▸ **RECORDED DATA**:
Content starts

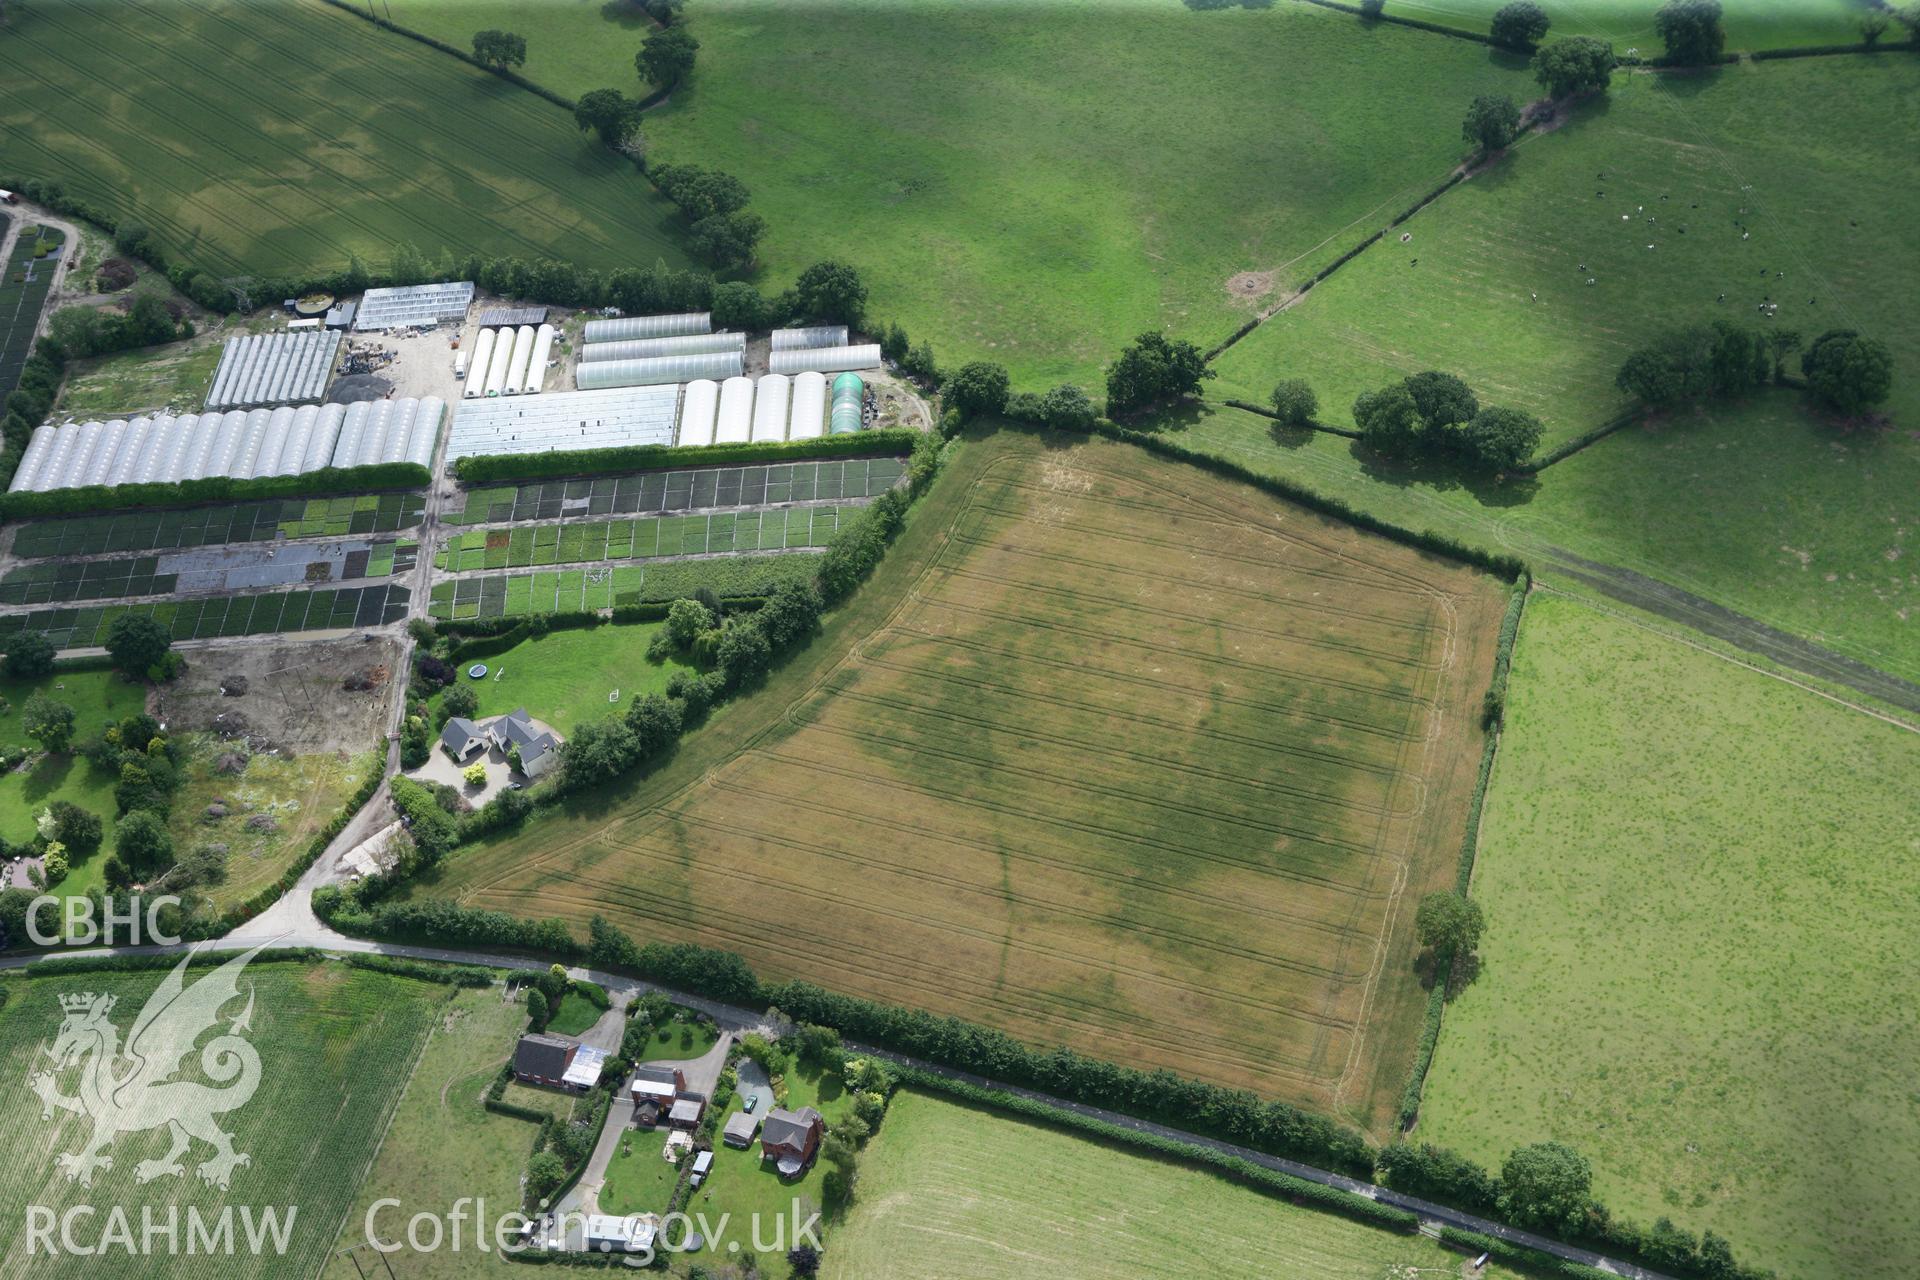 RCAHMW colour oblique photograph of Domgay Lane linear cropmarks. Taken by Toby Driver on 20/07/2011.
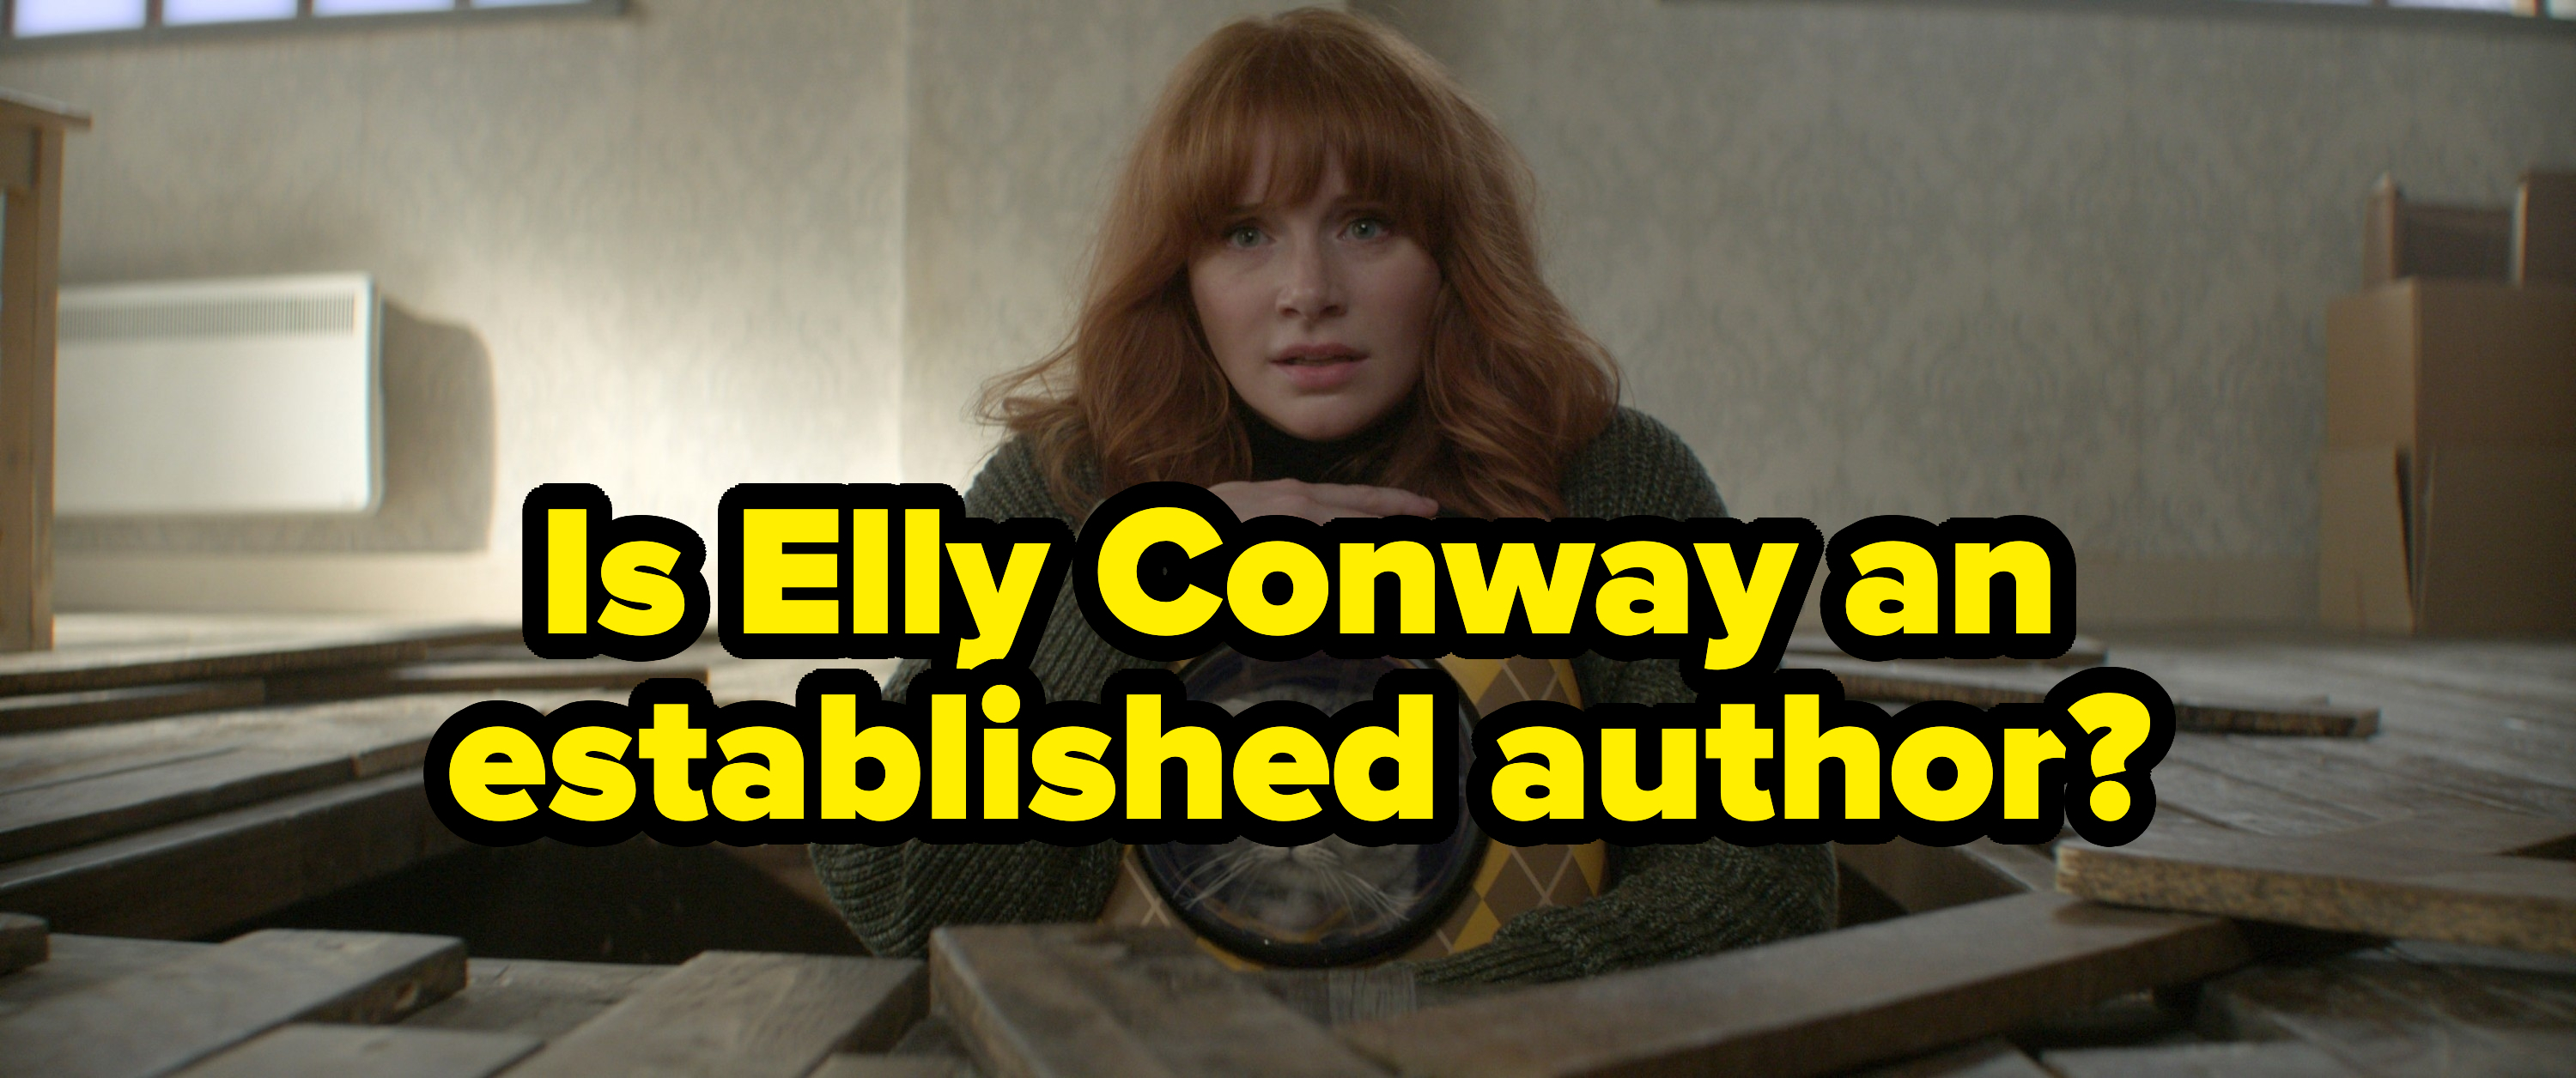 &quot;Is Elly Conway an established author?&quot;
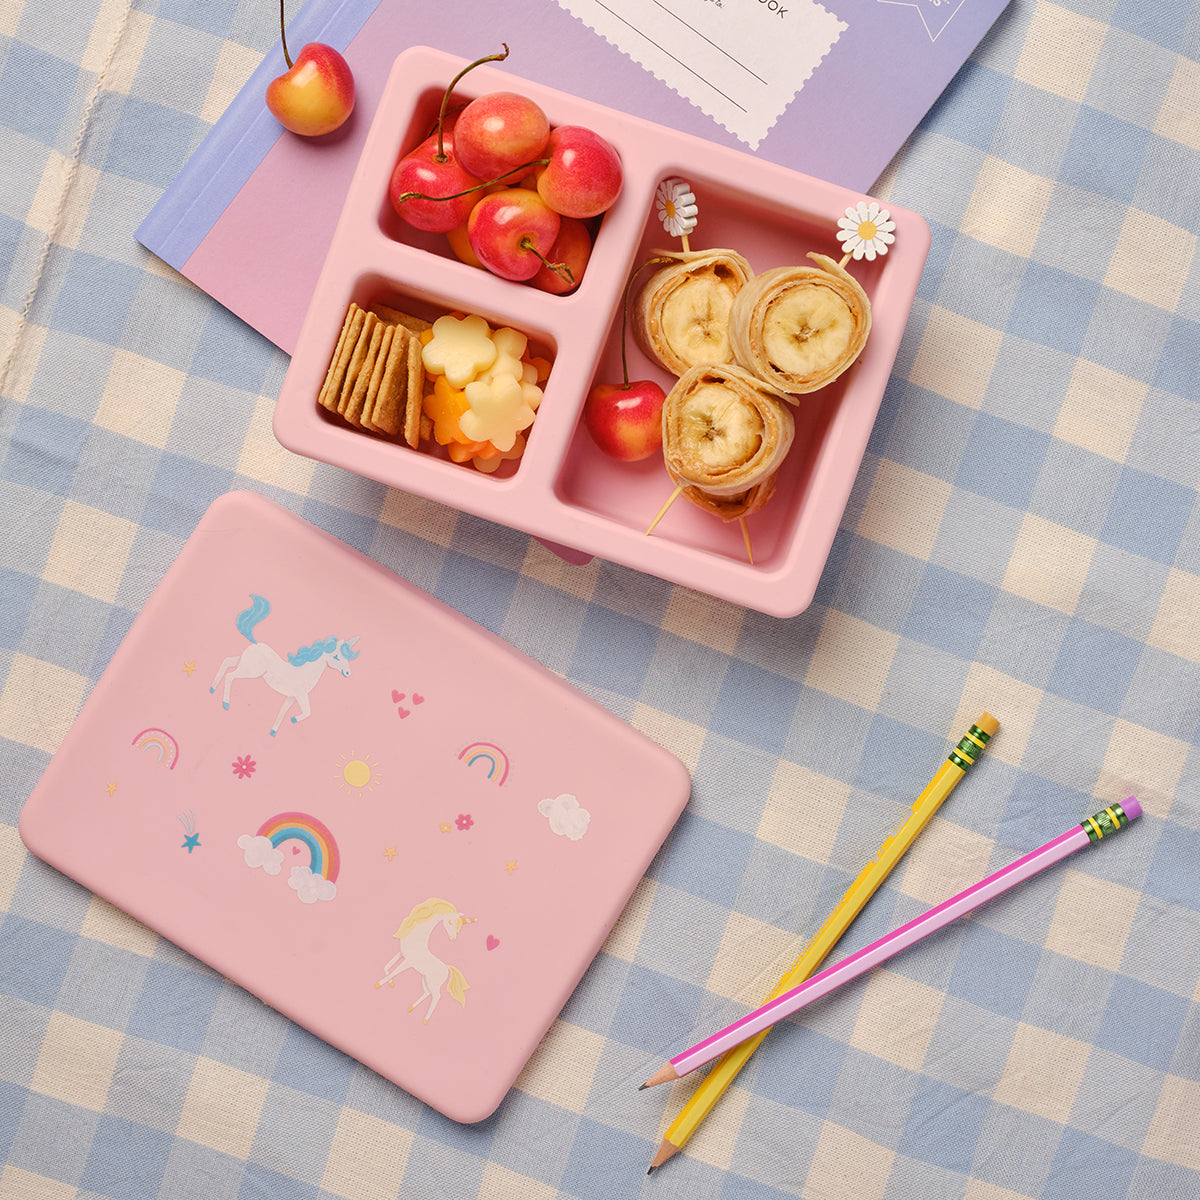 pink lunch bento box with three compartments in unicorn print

Content ends

▸ **WORK ITEM**:
From the line holding "an established author?&quot;" through the last line of the material above, each line should be written out exactly, both included; omit the pictures.

▸ **THE COMPLETED TASK**:
 &quot;Is Elly Conway an established author?&quot;
 pink lunch bento box with three compartments in unicorn print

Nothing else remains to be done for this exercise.